Local band, businesses join forces for ‘Halfway to St. Patty’s Day’ celebration

NORWICH – A “Halfway to St. Patty’s Day” celebration is set for Friday night, with two local businesses and a local band joining forces for what’s expected to be a fun-filled evening.

“Halfway to St. Patty’s Day celebrations take place all around this country and around the world,” said Frank Revoir, member of The Ryan Clan who will be performing Friday.

The music for the Halfway to St. Patty’s Day celebration kicks off at The Blarney Stone Pub at 9 p.m. and there is no cover. Food from 28 South Broad will be served from 5-10 p.m.

The Ryan Clan has been playing – sometimes separately and sometimes together – since the members were children.

The band is composed of brothers Tim, Pat, Tom and Dan Ryan, cousin Frank Revoir, and brother-in-law Bill Scranton, who is married to the Ryans’ sister.

“We started playing Irish music in the early 1980's. We were not the Ryan Clan until approximately 7 years ago,” said Revoir. “Prior to that for several years, we performed under other names such as The Sons of Ireland and The Wild Colonial Boys and our good friend, Mike Carnrike was the band leader and lead singer. However, he decided to venture out in a different direction and he now performs Irish music with his daughter, Patti Carnrike and their group, Glenravel, is well known throughout the area.”

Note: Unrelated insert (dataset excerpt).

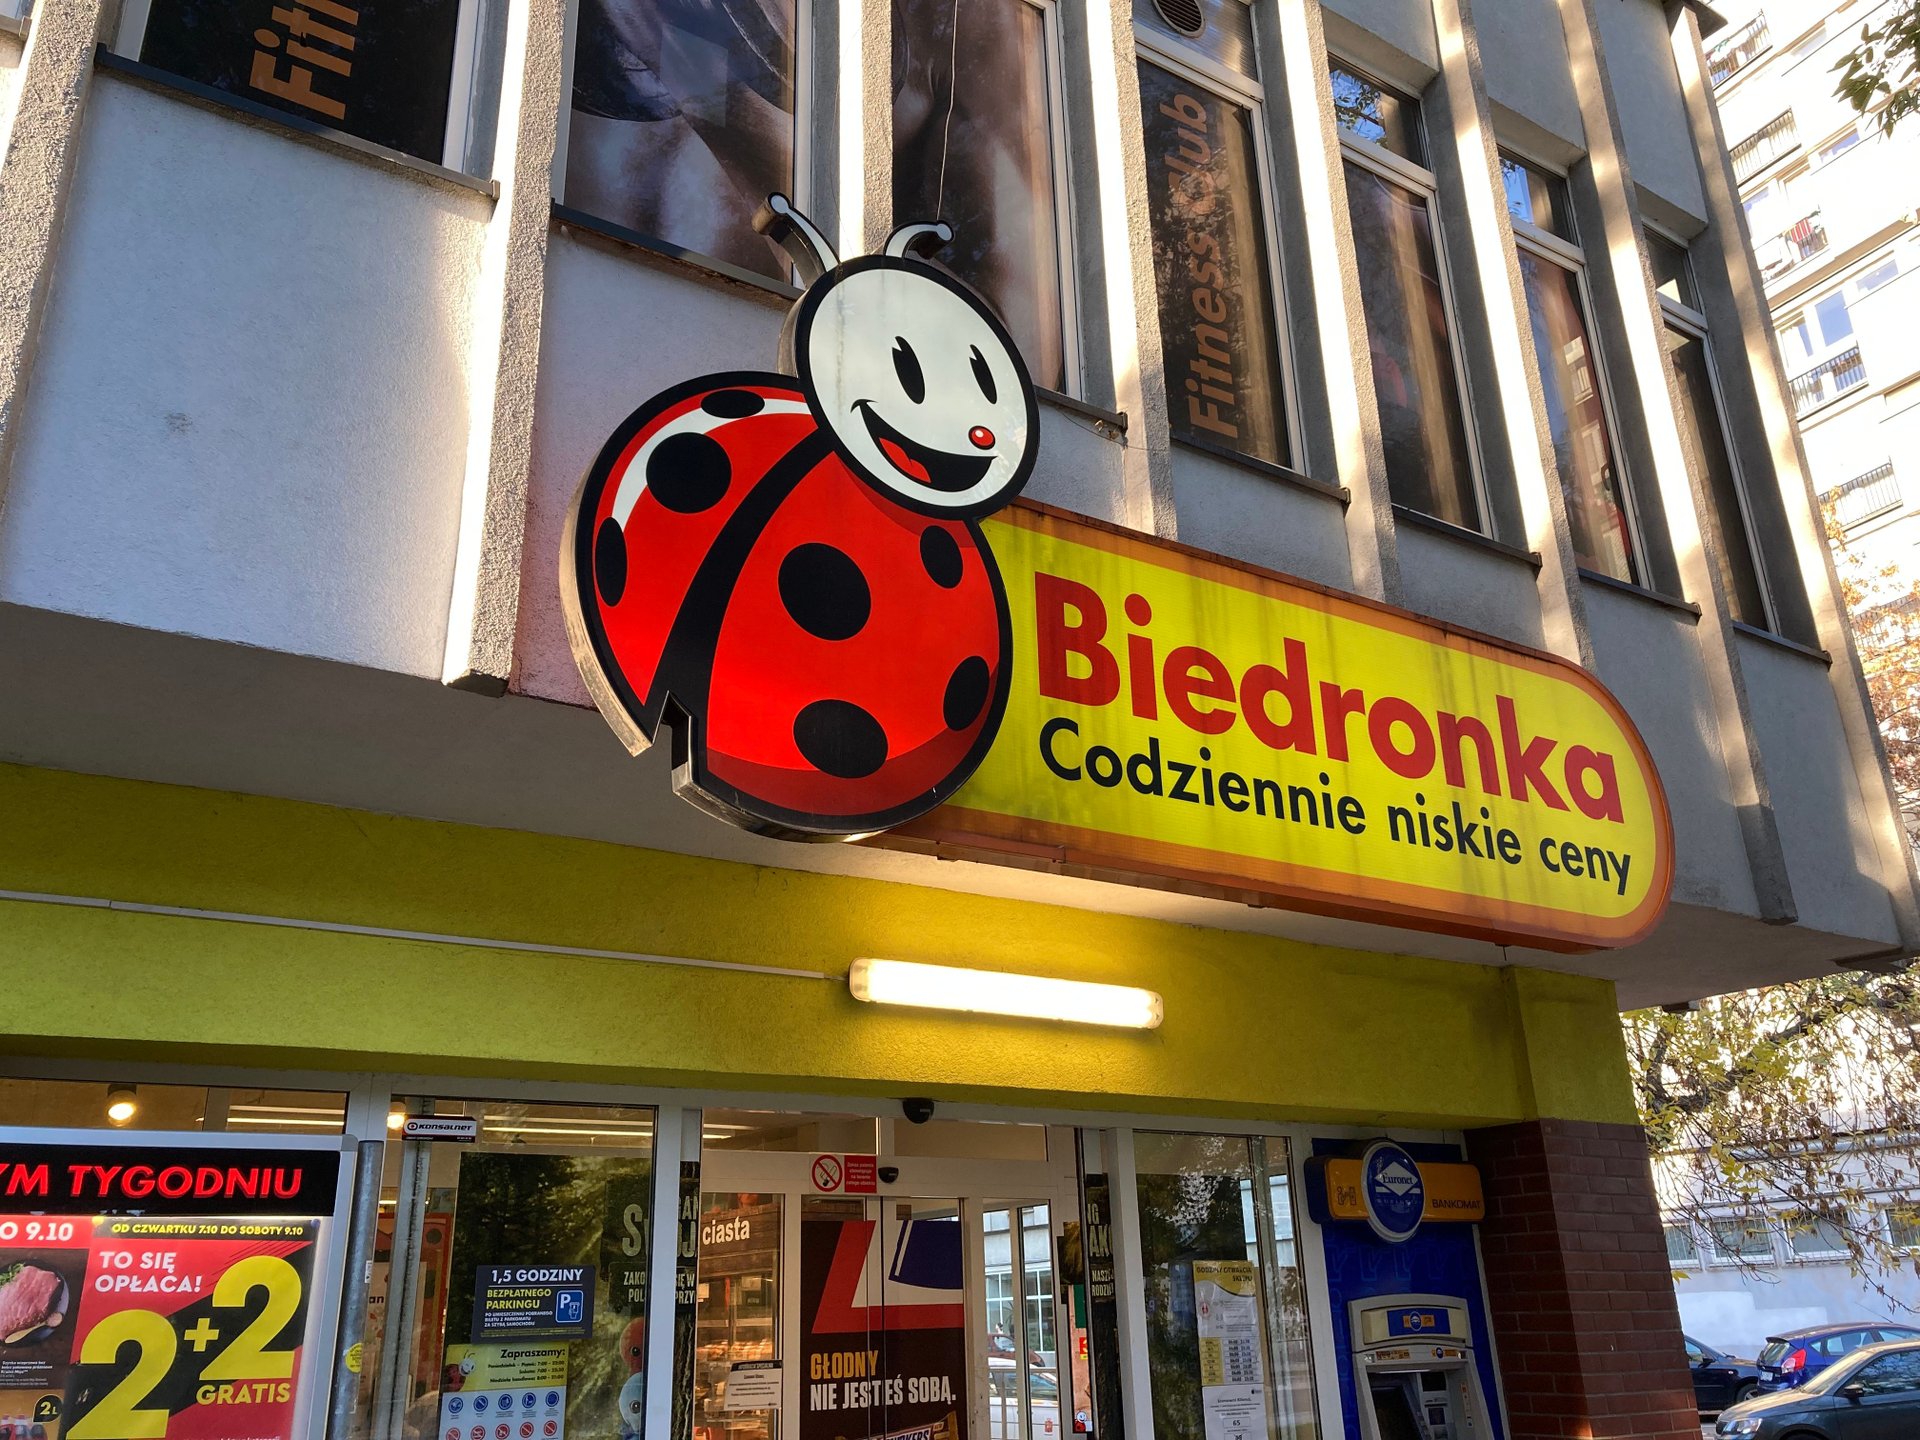 Logo Biedronka

Per the group’s website (theryanclanband.com), “The six member band is known throughout the southern tier as an upbeat, high energy, foot stomping, hand clapping, family band, performing authentic Irish music. Whether young or old, the Ryan Clan motivates their audience into full fledged Irish delirium. If you aren't Irish, you'll wish you were by the end of their performance.”

“We're an Irish pub so it's fun to count down the days until our favorite holiday, said Sarah Woods of The Blarney Stone Pub. “The Ryan Clan are just amazing and always have the crowd dancing a jig.”

“We engage our audience. We talk with them. Tell jokes. And of course, our songs require the audience to sing refrains, clap, yell, etc.,” said Revoir.

Eric Guinn, owner of 28 South Broad, said that his business is offering house made corned beef sandwiches on heidelberg rye, with swiss cheese and cabbage, and a side for $9. “And, of course, my smiling face will be there,” said Guinn.

“We continue to learn new material,” said Revoir. “We generally perform a significant number of gigs in March and September each year, as that is when everyone wants to hear Irish music. During the rest of the year, we tend to perform at private events. We have begun to venture into the Irish Festival scene as well. However, we will never stop performing to our base fans in Norwich and Sherburne where it all began. We are family entertainment. We play many functions at schools and other community centers, that are alcohol-free events and fun for all ages, with many organizations utilizing our services for their fund raising events (i.e. Holy Family School; Catholic Charities).”

With regard to two local businesses joining forces to bring entertainment and food together for the celebration, Guinn said, “I feel that joint efforts like ‘Halfway to St. Patrick's Day’ are helping this community survive and this will become a business standard in order for downtown to thrive. Folks should come out to support downtown and celebrate a fantastic day twice a year.”

Woods said, “What's really nice is that our neighbors at 28 South Broad are getting into the spirit offering fresh corned beef sandwiches to the pub crowd. Local music and food in a hometown pub, we'll raise a pint of Guinness to that!”

“Our community is lucky to have a number of events that bring us together,” said Brenna McCormick. “The local businesses working together to provide a new tradition is another reason for us to be proud to call Norwich home.”